The death howl began to catch its measure by the boom and screak of these two instruments. A noise to beat against the inside of men’s skulls and set the bone of them in rhythm. Savage as the peaks of Altar, unremitting as the drive of wind-blown sand against granite.
Bum-chut-chut-chut! Sob of a land in chains.
“Oh, tell them to cut it!” Grant’s frayed nerves cried out protest. The other merely gave a wave of his hand comprehending resignation.
“Might as well tell the wind to stop. This’ll keep up for three days—this ding-dong business. It’s custom, old son.”
As they drew near to the house of death again Grant caught his mind harking back to that moment when he had come from Don Padraic’s chamber to confront the girl’s wild eyes—eyes with almost the unthinkable look of accusation in them. That aspect of her eyes dumbfounded him, left him groping for an explanation.
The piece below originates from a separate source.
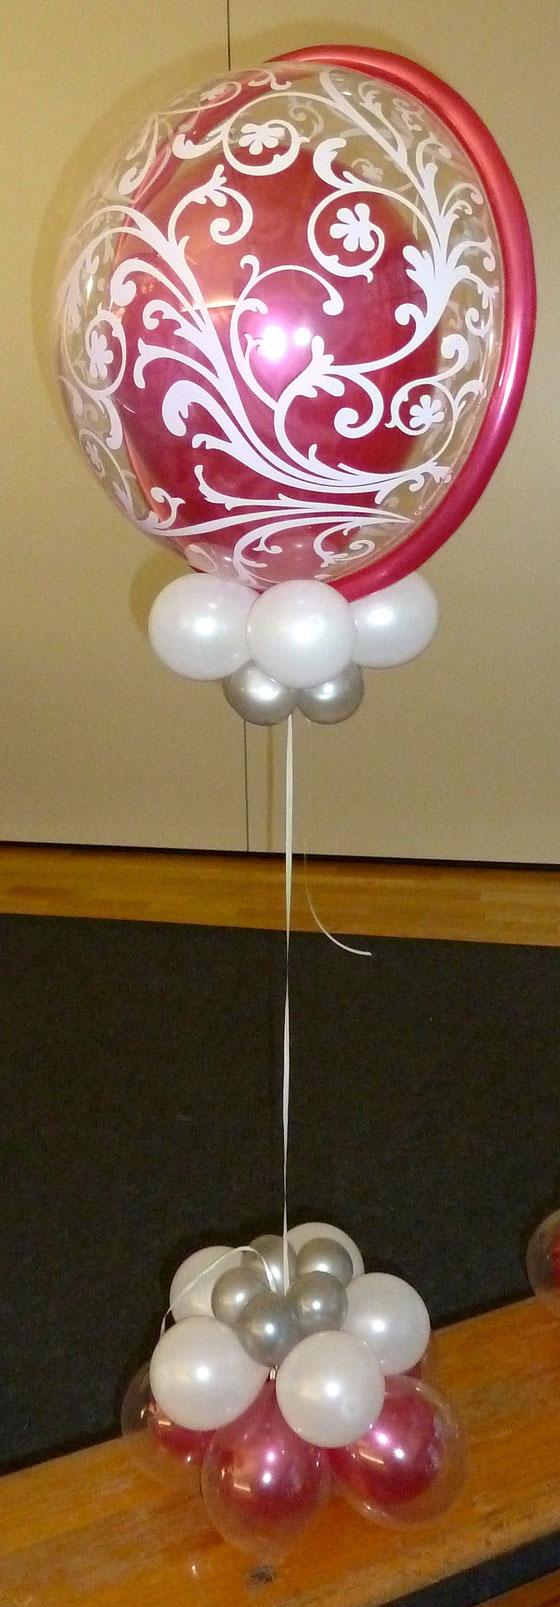 Mr.Balloni.ch,Deko,  Geburtstag, Überraschung, Tischdekoration,Firma, Betrieb, Feier, Jubiläum, Helium, Heliumballons

Once at the house, Grant took his friend to his chamber and showed him the knife where it lay on the floor as he had dropped it. The big Arizonan stooped over with the candle near the grisly thing—his hawk’s nose and salient cheekbones were outlined against the candle flame like the raised head of some emperor on a Roman coin—and very gingerly he turned the dagger over.
“Finger prints here on the haft,” he grunted.
“Yes, mine,” Grant put in. “I picked it up at first without knowing—without reckoning there might be—” He broke off to pour water into the quaint old willow-ware bowl which stood with its ewer on a stand in a corner, then he scrubbed his hands vigorously. A great relief came to him with this act of purification.
“Yours—yes, and probably somebody else’s,” Bim was mumbling his thoughts aloud. He stood erect once more and measured the height of the barred window over the lintel of which was fixed the rosette of arms. “Hum. I simply don’t figger why the man who wanted to kill the old don came to the outside of this room, clum up the wall an’ reached in through those bars there to take one of these old knives. Can’t see why all that fuss—more particular, why he snuck back here an’ tossed the knife through the bars after his bloody work.”
“Perhaps he wanted it to appear I am the murderer,” Grant hazarded doubtfully.